Astronomers led by Northwestern University have uncovered an unusual feature surrounding the famous "Pink Planet": skies filled with salty clouds.
For more than a decade, the ancient world, known for its pinkish haze, has remained one of astronomy's enduring mysteries. As one of the coldest planetary-mass companions ever directly imaged, it is so faint that scientists have struggled to analyze its light from Earth. Now, observations from the James Webb Space Telescope (JWST) have revealed an atmosphere packed with exotic chemistry and clouds unlike any previously observed.
The findings provide some of the first direct evidence that salt clouds can exist in the atmosphere of a cold planetary object, confirming a prediction scientists first made more than 15 years ago. The results also highlight JWST's ability to study extremely cold and faint worlds that are beyond the reach of ground-based observatories.
The study was published on June 18 in the Astronomical Journal.

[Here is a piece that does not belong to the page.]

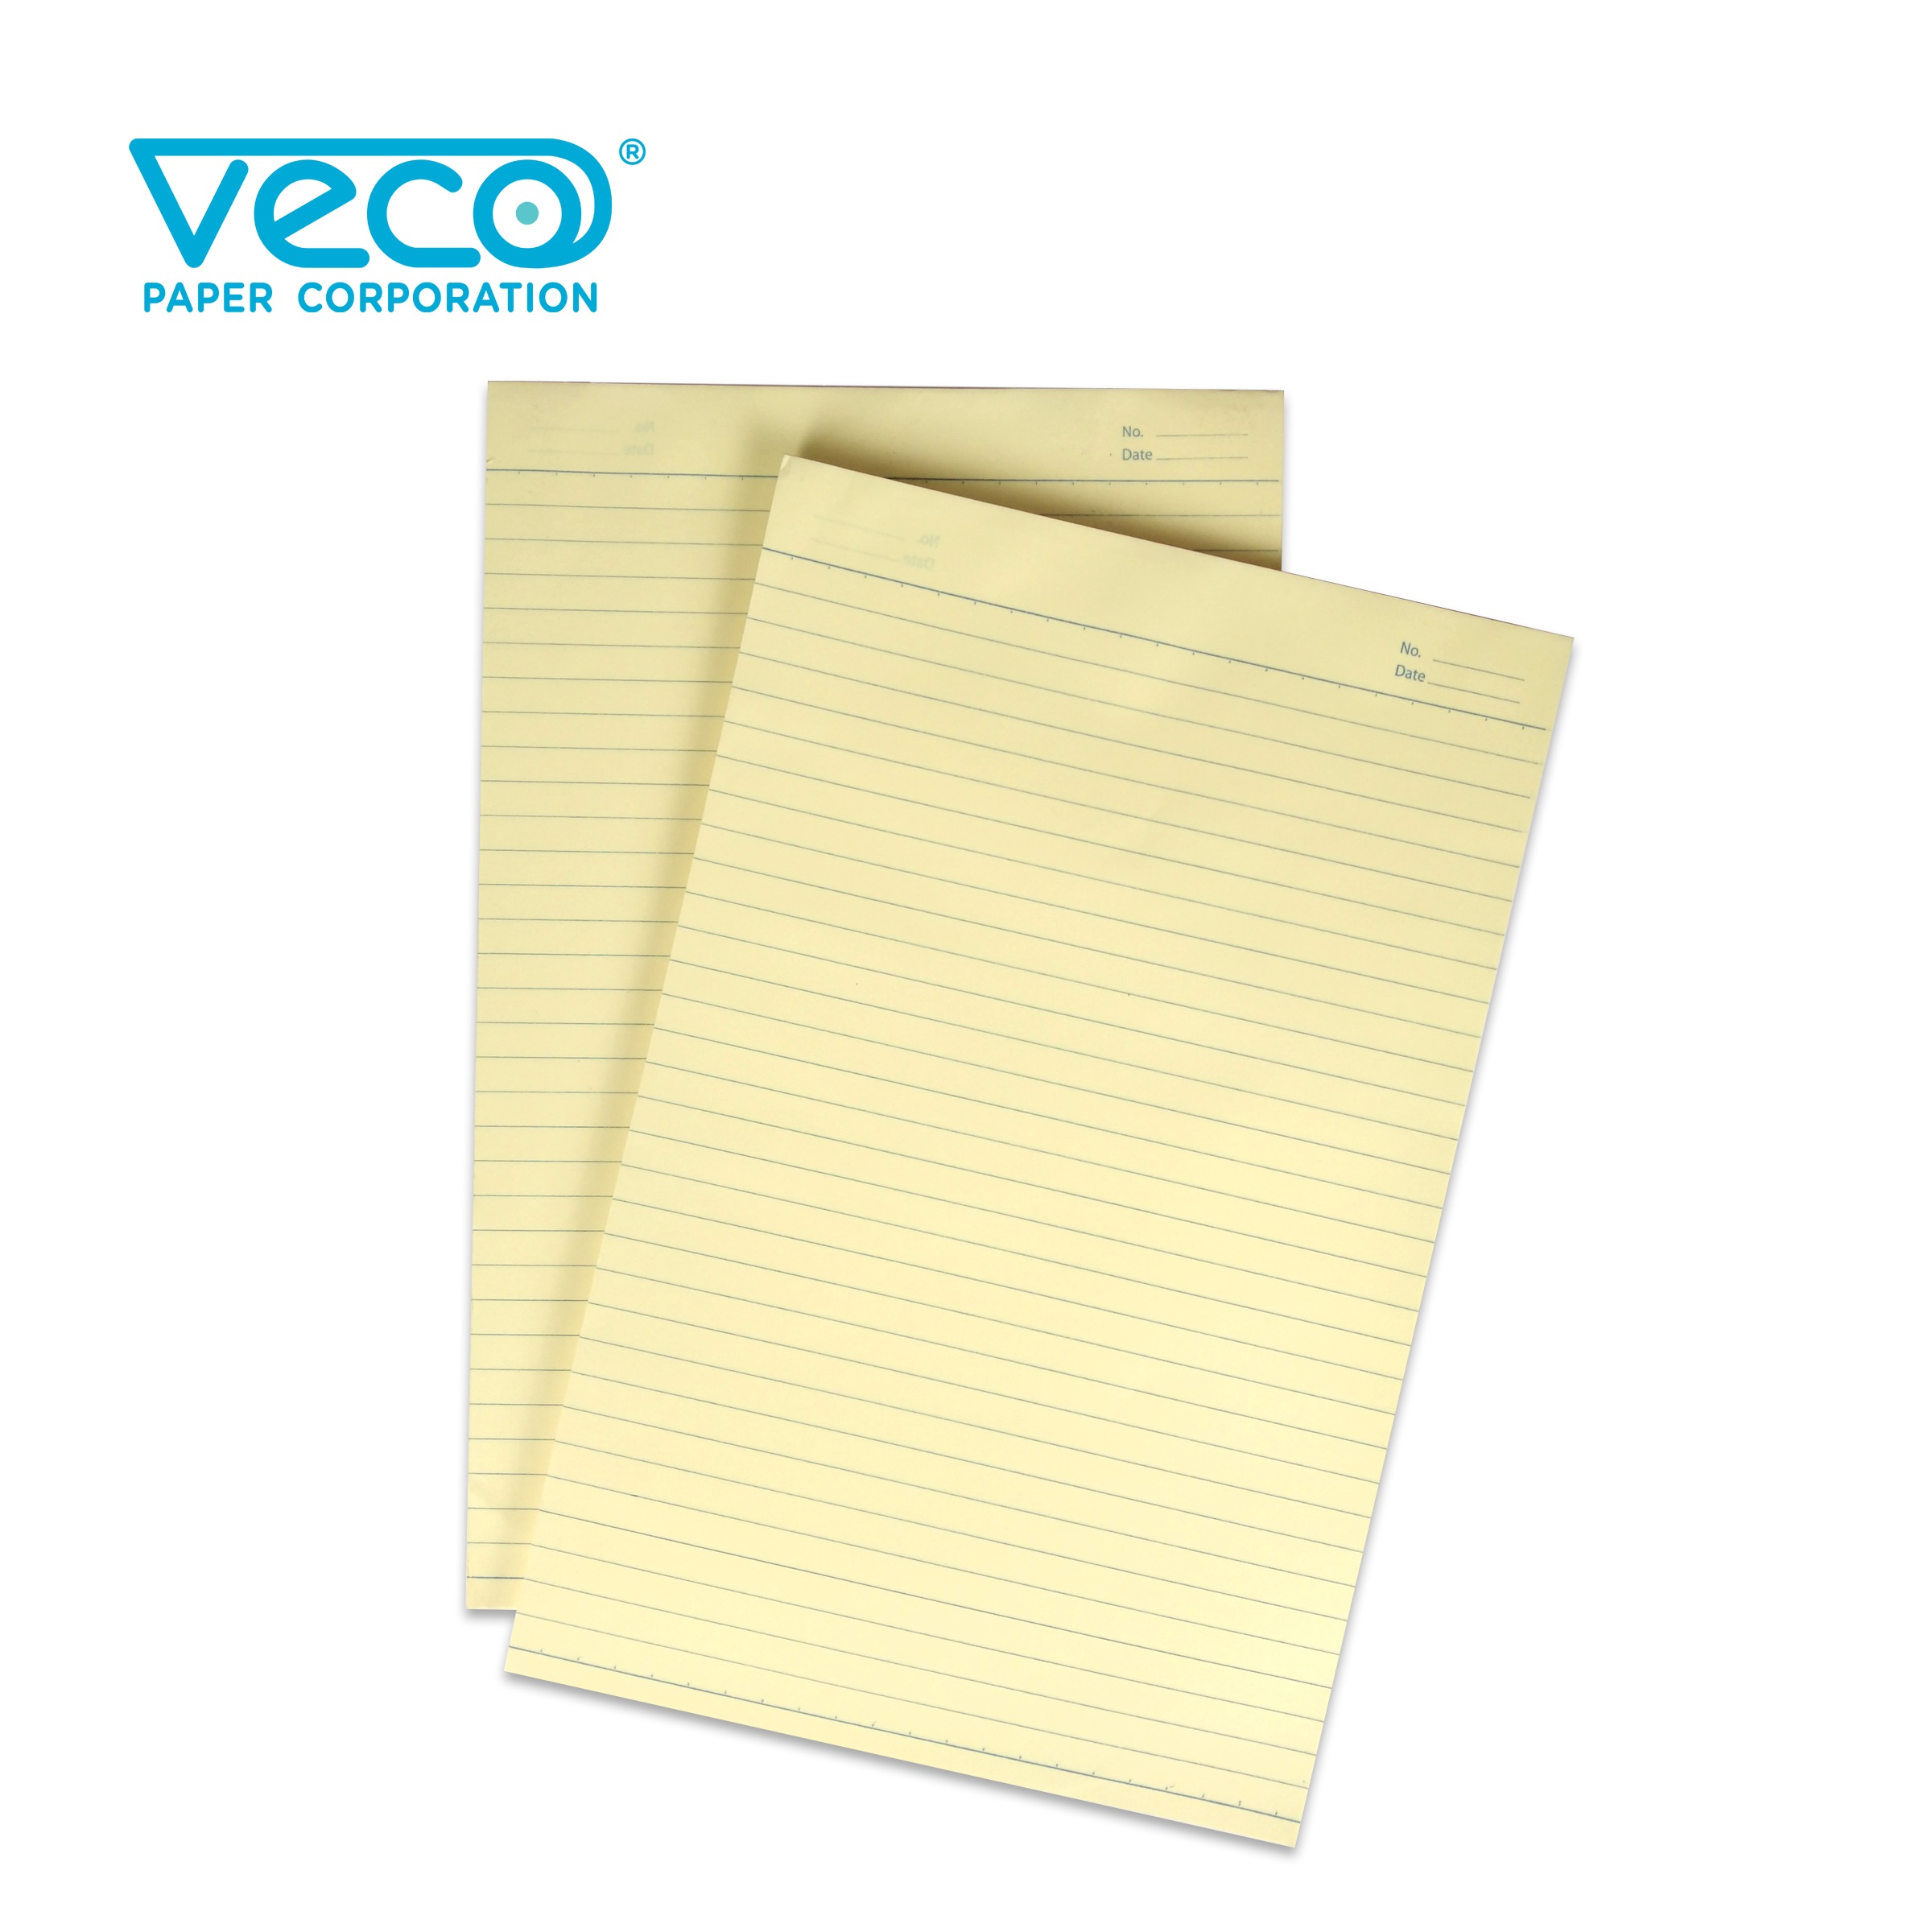 veco-yellow-pad-paper-available-size-one-whole-crosswise-lengthwise

"The Pink Planet is the coldest companion ever discovered using ground-based instruments," said Northwestern's Aneesh Baburaj, who led the study. "Many teams all around the world performed follow-up observations to study its light, but it was too faint for ground-based instruments. That made it a perfect target for JWST. When we finally obtained its spectrum, it immediately looked interesting. But once we started digging deeper into the data, we realized it was not like anything we have analyzed before."